In [46]:
import math
import pandas as pd
import numpy as np
from nltk.translate.bleu_score import corpus_bleu
from sklearn.utils import shuffle
import nltk
import tensorflow as tf
from tensorflow import keras
from keras.layers import Input, LSTM, Dense
from keras.models import Model
from sklearn.model_selection import train_test_split

### Loading the Dataset
Here we load the data from the `dataset.csv` file (generated in the other script)

In [32]:
def load_data():
    return pd.read_csv('data/dataset.csv')

### Data pre-processing
Transform to lower, remove the new line and the punctuation

In [33]:
def lower_data(data):
    return data.str.lower() 
    
def clean_data(data):
    return data.str.replace(',', ' ,')                \
                .str.replace('.',' . ', regex=False)  \
                .str.replace('?',' ?', regex=False)   \
                .str.replace(r"[^a-zA-Z0-9?'.,]+",' ',regex=True)

def get_data():
    data = load_data()
    for column in data.columns:    
        data[column] = lower_data(data[column])
        data[column] = clean_data(data[column])
    return shuffle(data)

### Data analysis
Mean sentence length and standard deviation of sentence length

In [35]:
def print_data_analysis(data):
    print('Central tendency, dispersion and shape of questions’s distribution')
    print(data['question'].str.len().describe().apply(lambda x: format(x, 'f')))
    print('-'*100)
    print('Central tendency, dispersion and shape of answers’s distribution')
    print(data['answer'].str.len().describe().apply(lambda x: format(x, 'f')))

In [36]:
#print_data_analysis(dataset)

In [37]:
def remove_outliers(data):
    return data[(data['question'].str.len() < 100) & (data['answer'].str.len() < 200)]

def padd_data(data):
    data['question'] = data['question'].apply(lambda x: f"<start>{x}<end>")
    data['answer'] = data['answer'].apply(lambda x: f"<start>{x}<end>")
    return data

### Creating the dataset
Removing the outliers and adding <start> and <end> for each question, awnser pair

In [38]:
def create_dataset(num_examples):
    dataset = remove_outliers(get_data())
    dataset = padd_data(dataset)
    return dataset['question'].tolist(), dataset['answer'].tolist()

### Tokenizing 
Tokenize the data, padd the sequence and create the vocabulary

In [39]:
def tokenize(text):
    tokenizer = tf.keras.preprocessing.text.Tokenizer(filters='!"#$%&()*+-:;<=>@[\\]^_{|}~\t')
  
    # Convert sequences into internal vocab
    tokenizer.fit_on_texts(text)

    # Convert internal vocab to numbers
    tensor = tokenizer.texts_to_sequences(text)
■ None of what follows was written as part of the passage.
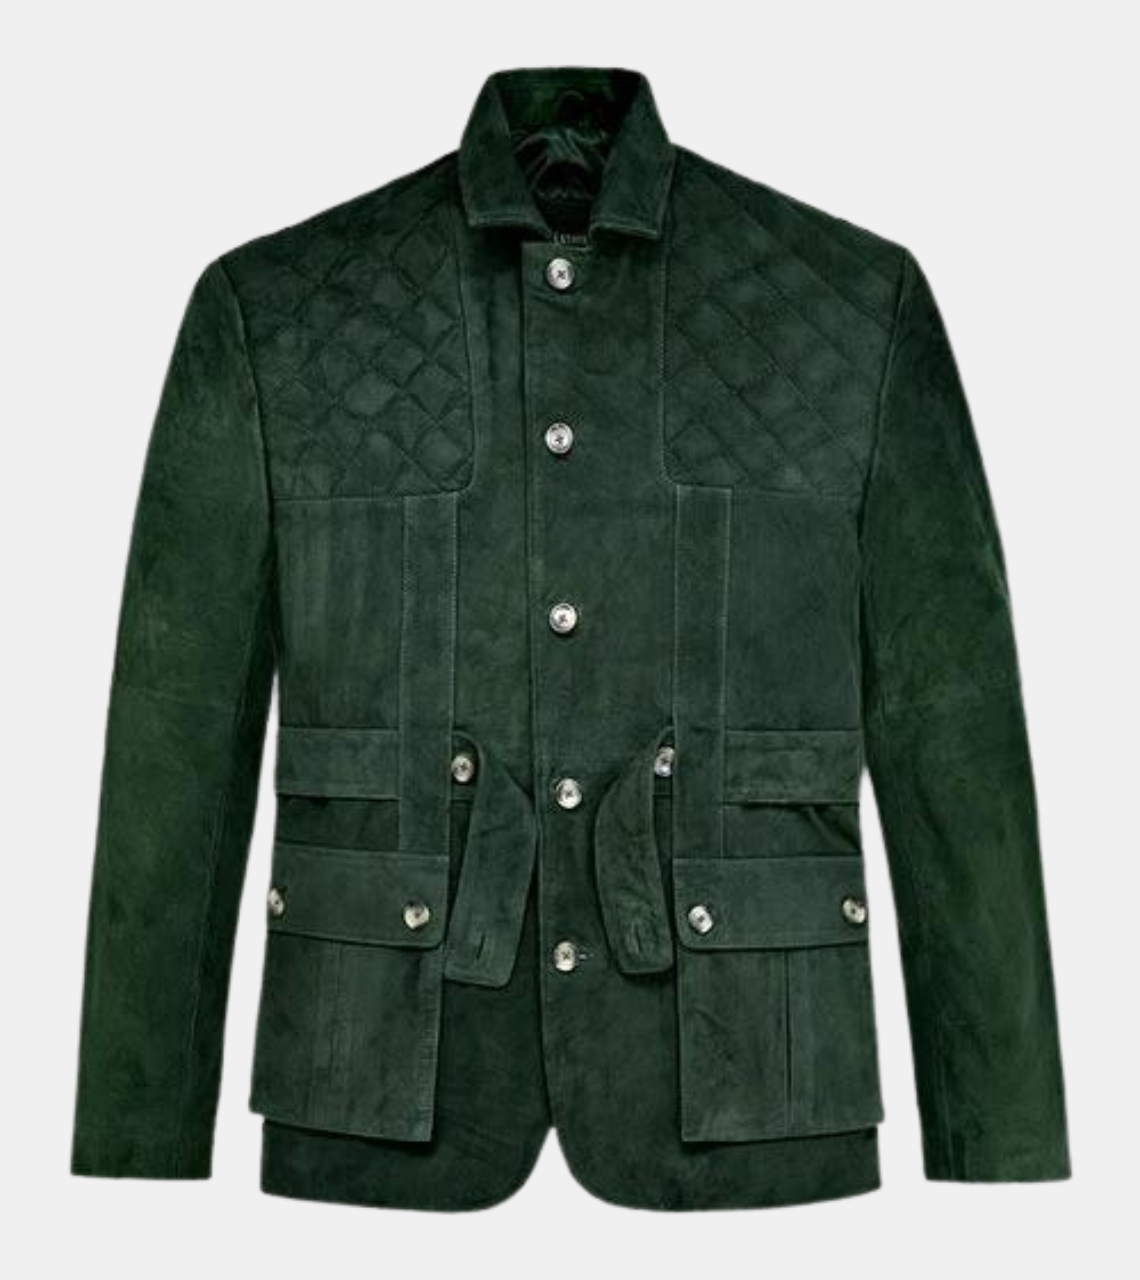 Mateo Men's Green Suede Leather Jacket

    # Pad the tensors to assign equal length to all the sequences
    tensor = tf.keras.preprocessing.sequence.pad_sequences(tensor, padding='post', truncating='post',maxlen=None)

    return tensor, tokenizer

### Load the clean and formated data 

In [40]:
def load_dataset(num_examples=None):
 
    questions, answers = create_dataset(num_examples=None)
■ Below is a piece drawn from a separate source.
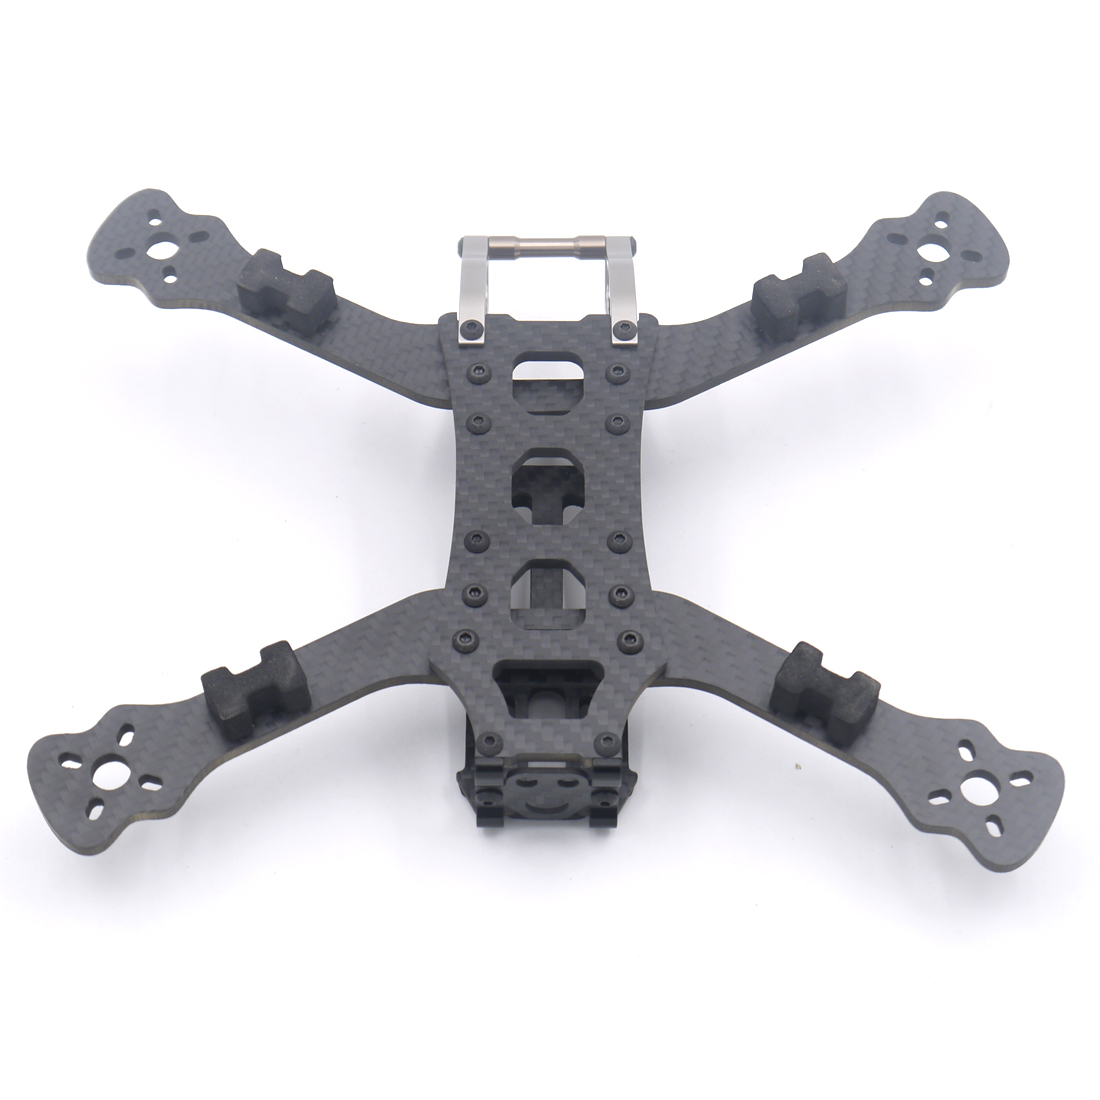 LEACO Umbrella 5 Inch 230mm FPV Racing Frame Kit 4mm Arm Carbon Fiber For RC Drone - Photo: 8

    questions_tensor, questions_tokenizer = tokenize(questions)
    answers_tensor, answers_tokenizer = tokenize(answers)

    return questions_tensor, answers_tensor, questions_tokenizer, answers_tokenizer

In [41]:
questions_tensor, answers_tensor, questions_tokenizer, answers_tokenizer = load_dataset()

### Split in train and test
Split 80% of the data to train and 20% for testing

In [52]:
max_length_input, max_length_target = questions_tensor.shape[1], answers_tensor.shape[1]
input_train, input_test, target_train, target_test = train_test_split(questions_tensor, answers_tensor, test_size=0.2)

print("Test count:", len(input_train))
print("Train count:", len(input_test))


Test count: 464364
Train count: 116092


In [50]:
def convert(text, tensor):
    for t in tensor:
        if t != 0:
            print ("%d ----> %s" % (t, text.index_word[t]))
      
print("Input question; index to word mapping")
convert(questions_tokenizer, input_train[0])
print()
print("Target awnser; index to word mapping")
convert(answers_tokenizer, target_train[0])

Input question; index to word mapping
3334 ----> represent
8 ----> your
2488 ----> nationality
920 ----> race
33 ----> who
6 ----> is
4 ----> the
25 ----> most
569 ----> beautiful
636 ----> woman
48 ----> from
8 ----> your
352 ----> part
10 ----> of
4 ----> the
110 ----> world
1 ----> ?

Target awnser; index to word mapping
416 ----> may
5 ----> i
2309 ----> present
3 ----> ,
722 ----> miss
38687 ----> huntington
76692 ----> whiteley
1 ----> .
2500 ----> nsfw


### Setting the hyperparameter

In [None]:
BUFFER_SIZE = len(input_train)
BATCH_SIZE = 64
steps_per_epoch = len(input_train)//BATCH_SIZE
embedding_dim = 256
units = 1024
vocab_input_size = len(questions_tokenizer.word_index) + 1
vocab_target_size = len(answers_tokenizer.word_index) + 1

In [None]:
dataset = tf.data.Dataset.from_tensor_slices((input_train, target_train)).shuffle(BUFFER_SIZE)
dataset = dataset.batch(BATCH_SIZE, drop_remainder=True)

In [None]:
example_input_batch, example_target_batch = next(iter(dataset))
example_input_batch.shape, example_target_batch.shape